Mon Oct 8 15:58:31 CEST 2012

> I am interested in producing the expected number of events, in a
> recurring events setting. I am using the Andersen-Gill model, as fit
> by the function "coxph" in the package "survival."
>
> I need to produce expected numbers of events for a cohort,
> cumulatively, at several fixed times. My ultimate goal is: To fit an
> AG model to a reference sample, then use that fitted model to generate
> expected numbers of events for a new cohort; then, comparing the
> expected vs. the observed numbers of events would give us some idea of
> whether the new cohort differs from the reference one.
>
>> From my reading of the documentation and the text by Therneau and
> Grambsch, it seems that the function "survexp" is what I need.
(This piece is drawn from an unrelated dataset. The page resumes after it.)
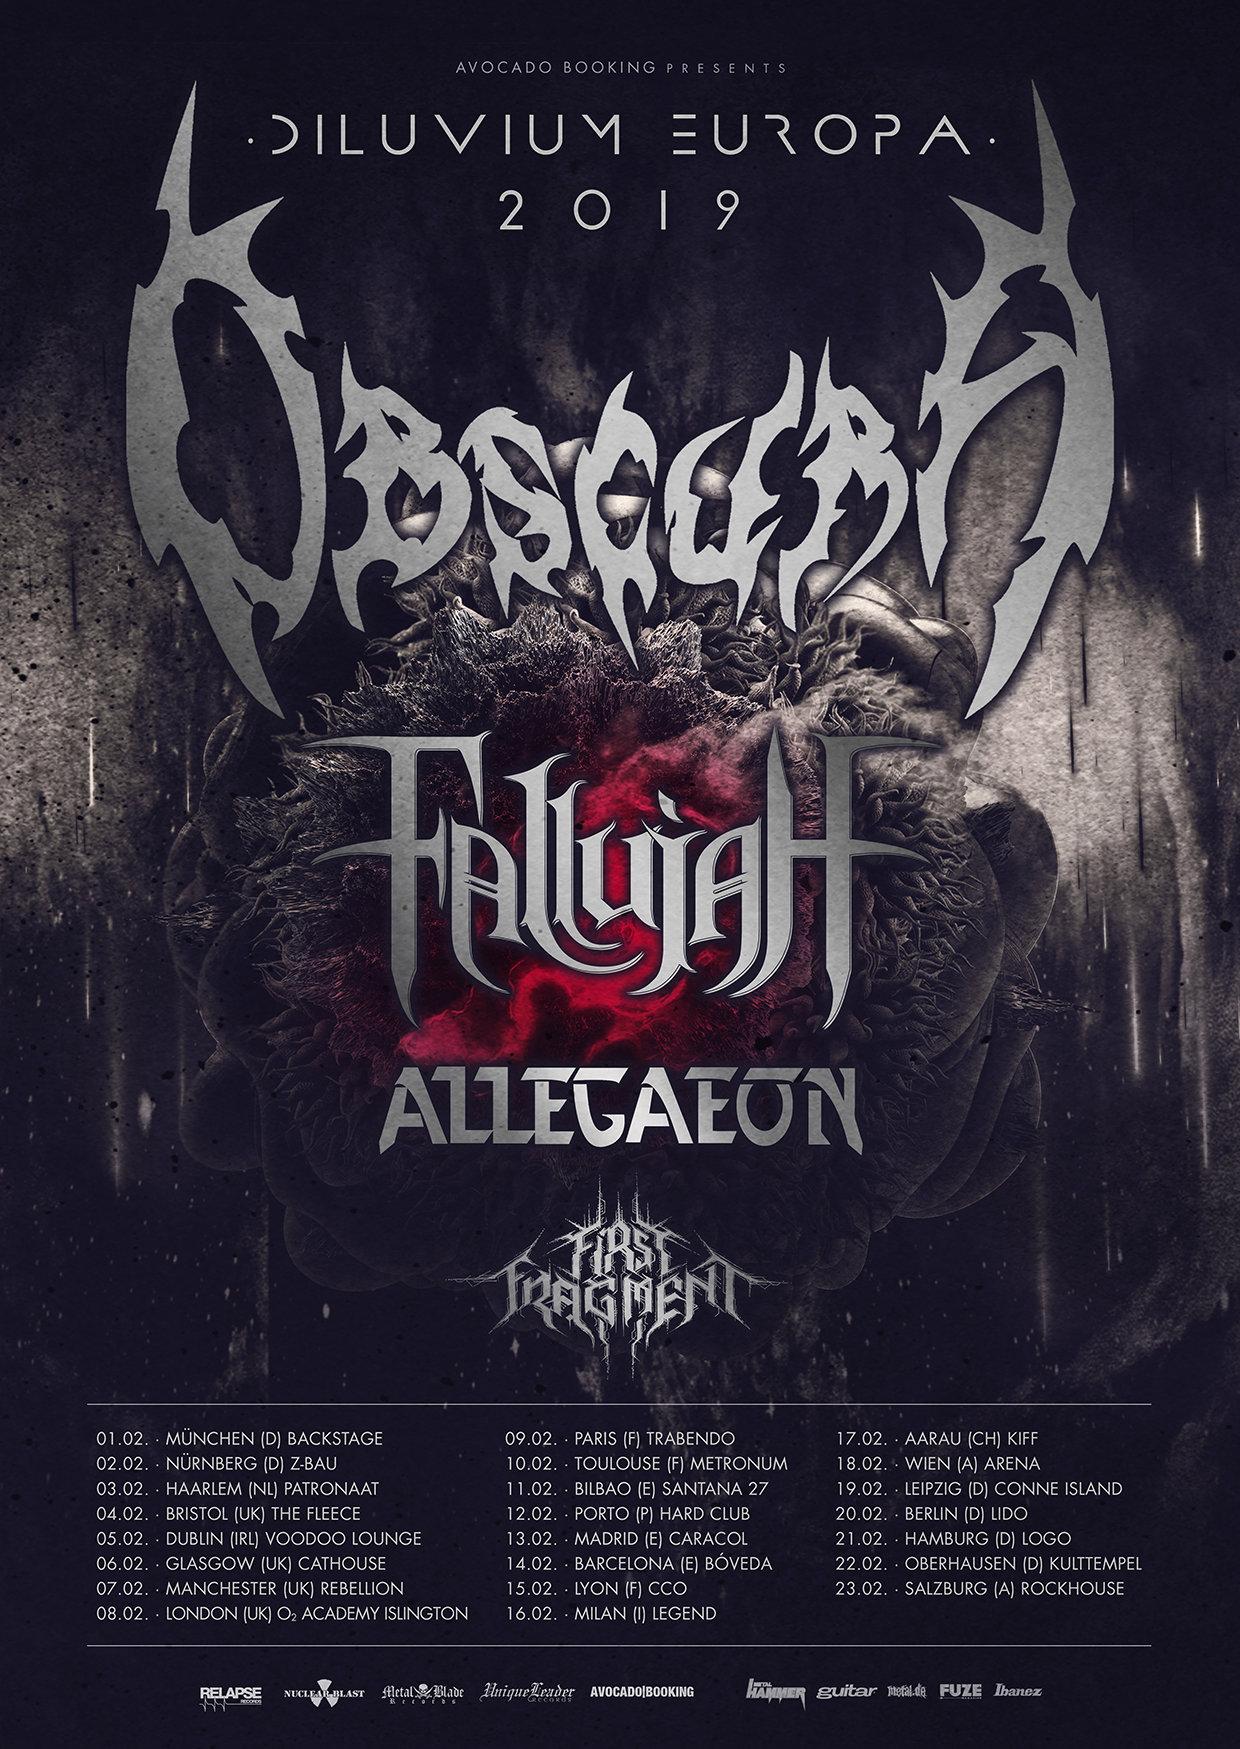 Obscura - Diluvium Europa Tour 2019

But
> using it I am not able to obtain expected numbers of events that match
> reasonably well the observed numbers *even for the same reference
> population.* So, I think I am misunderstanding something quite badly.
>

  You've hit a common confusion.  Observed versus expected events computations are done on 
a cumulative hazard scale H, not the surivival scale S; S = exp(-H).  Relating this back 
to simple Poisson models H(t) would be the expected number of events by time t and S(t) 
the probability of "no events before time t".  G. Berry (Biometrics 1983) has a classic 
ane readable article on this (especially if you ignore the proofs).

   Using your example:

 > cphfit <- coxph(Surv(start,stop,event)~rx+number+size+cluster(id),data=bladder2)
 > zz <- predict(cphfit, type='expected')
 > c(sum(zz), sum(bladder2$event))
[1] 112 112

 > tdata <- bladder2[1:10]   #new data set (lazy way)
 > predict(cphfit, type='expected', newdata=tdata)
  [1] 0.0324089 0.3226540 0.4213402 1.0560768 0.6702130 0.2163531 0.6490665
  [8] 0.8864808 0.2932915 0.5190647

  You can also do this using survexp and the cohort=FALSE argument, which would return 
S(t) for each subject and we would then use -log(result) to get H.  This is how it was 
done when I wrote the book, but the newer predict function is easier.

Terry Therneau